§ **Material shown**:
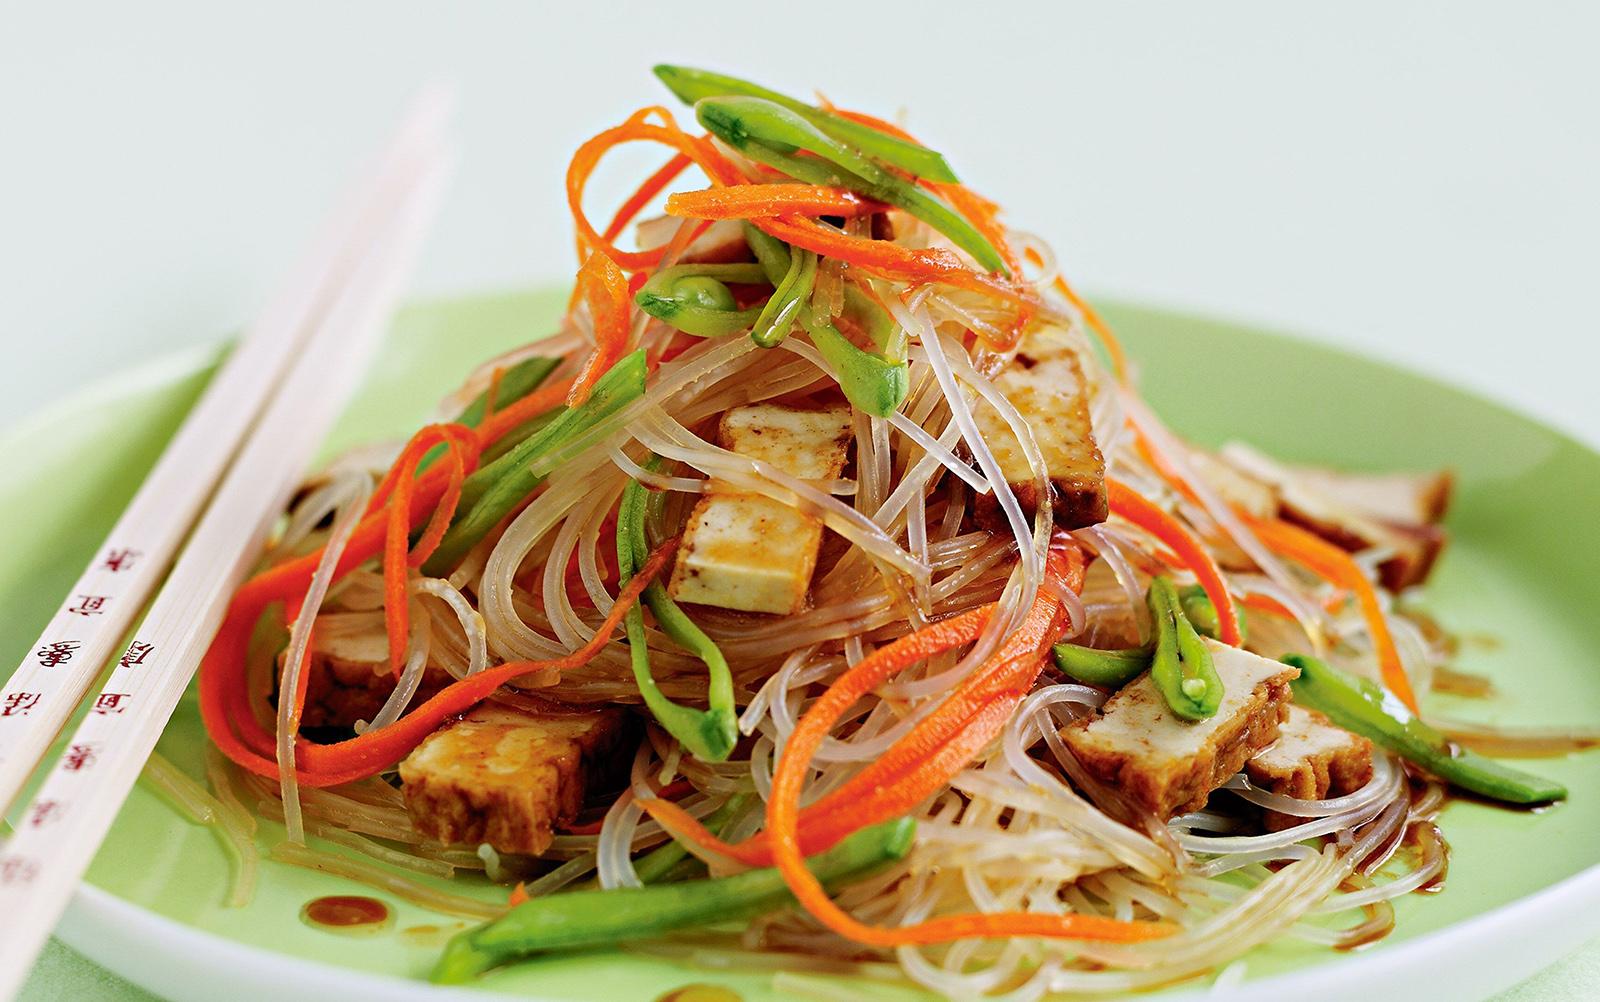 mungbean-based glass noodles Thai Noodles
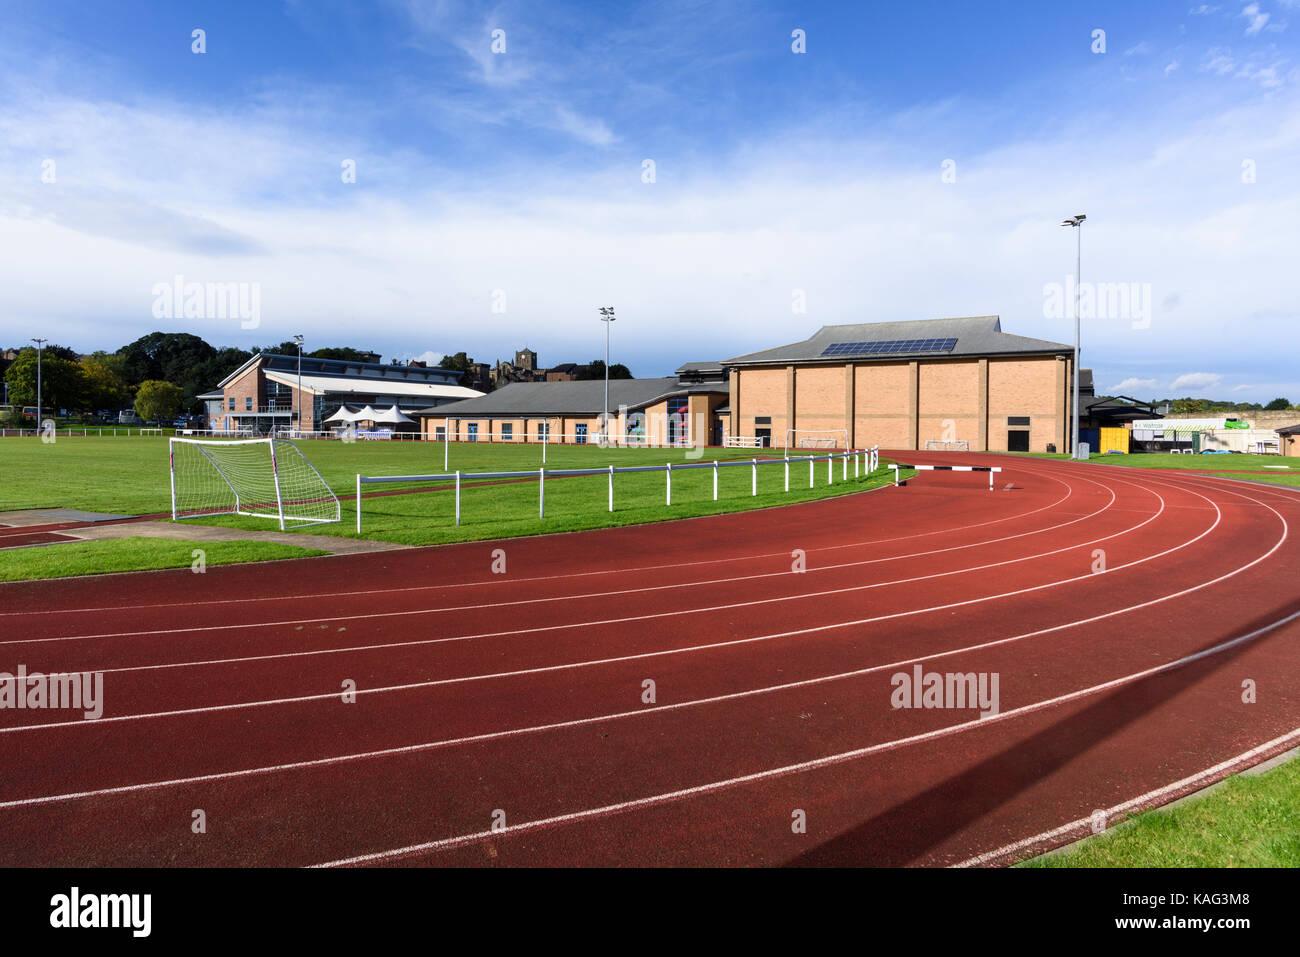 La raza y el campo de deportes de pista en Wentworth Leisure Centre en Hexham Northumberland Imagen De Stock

...

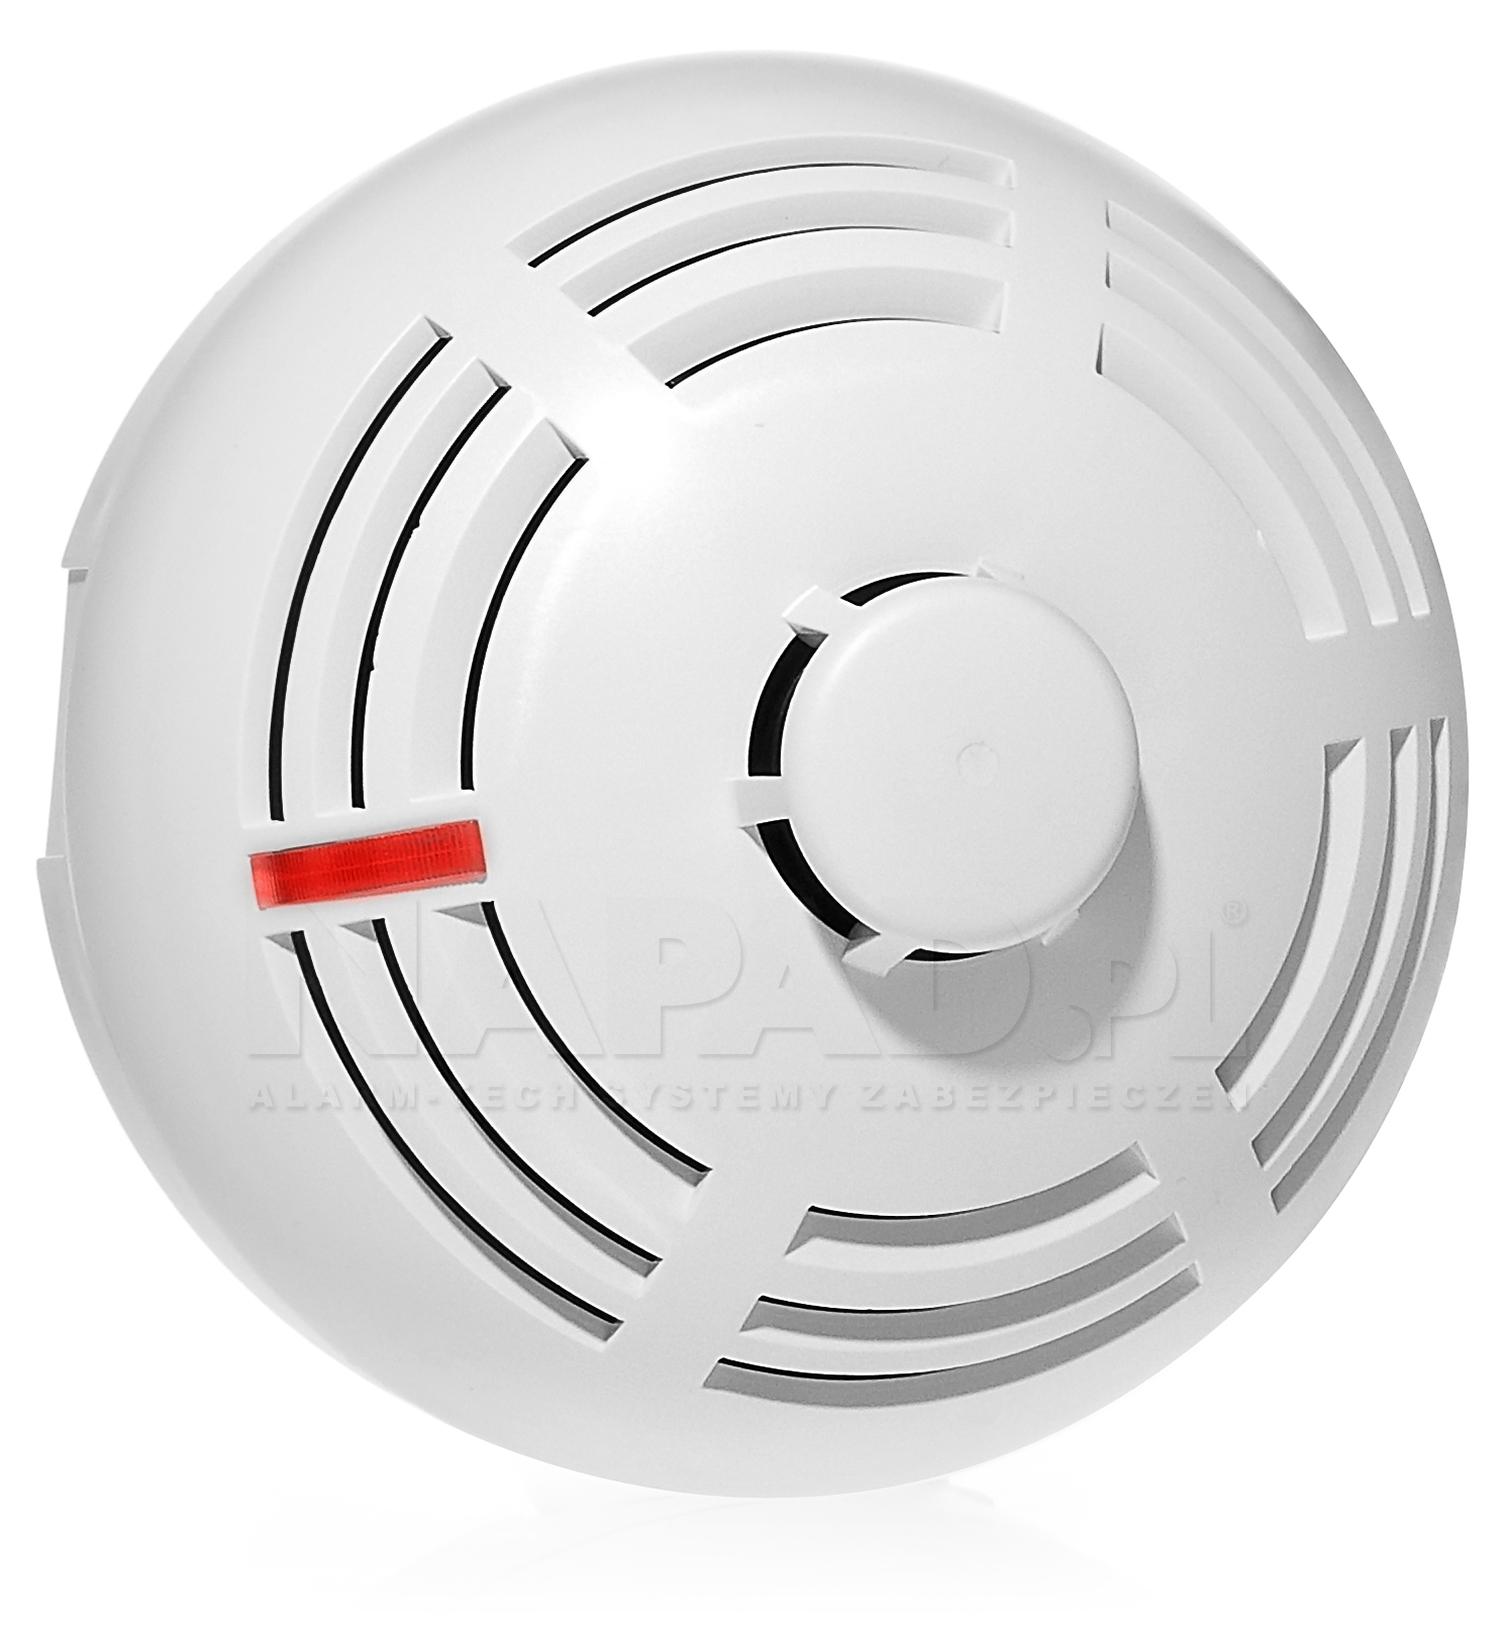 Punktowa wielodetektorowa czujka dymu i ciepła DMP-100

...

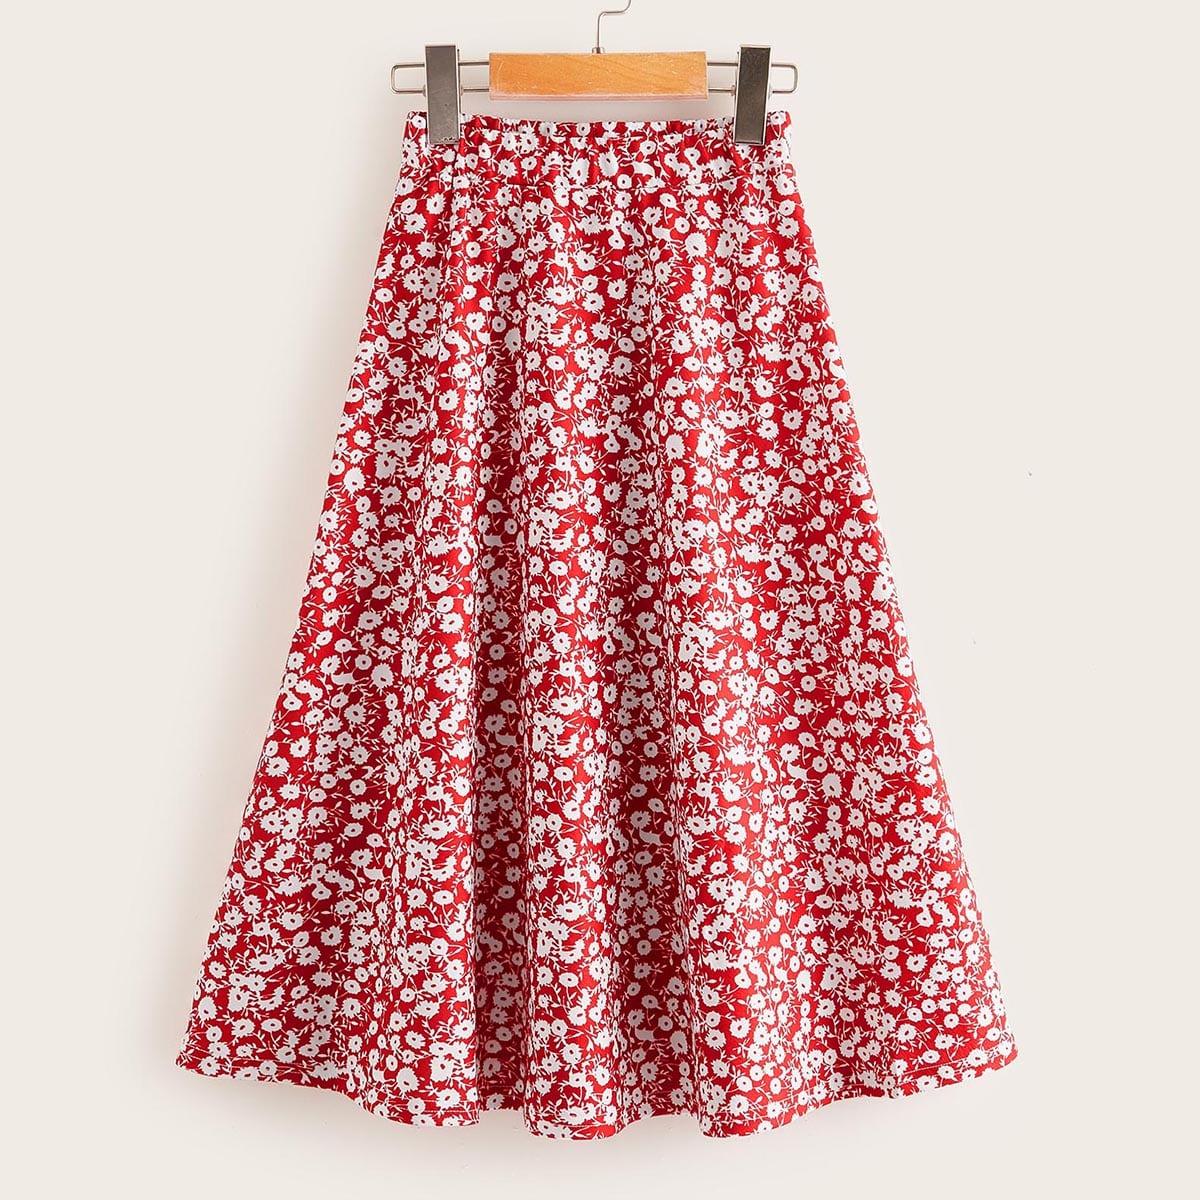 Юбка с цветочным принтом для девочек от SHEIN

§ **Required work**: Your copy should hold only the lines above from the one containing "mungbean-based glass noodles Thai Noodles" through the one containing "La raza y el", exactly as written and free of pictures.

§ **Your solution**:
 mungbean-based glass noodles Thai Noodles
 La raza y el campo de deportes de pista en Wentworth Leisure Centre en Hexham Northumberland Imagen De Stock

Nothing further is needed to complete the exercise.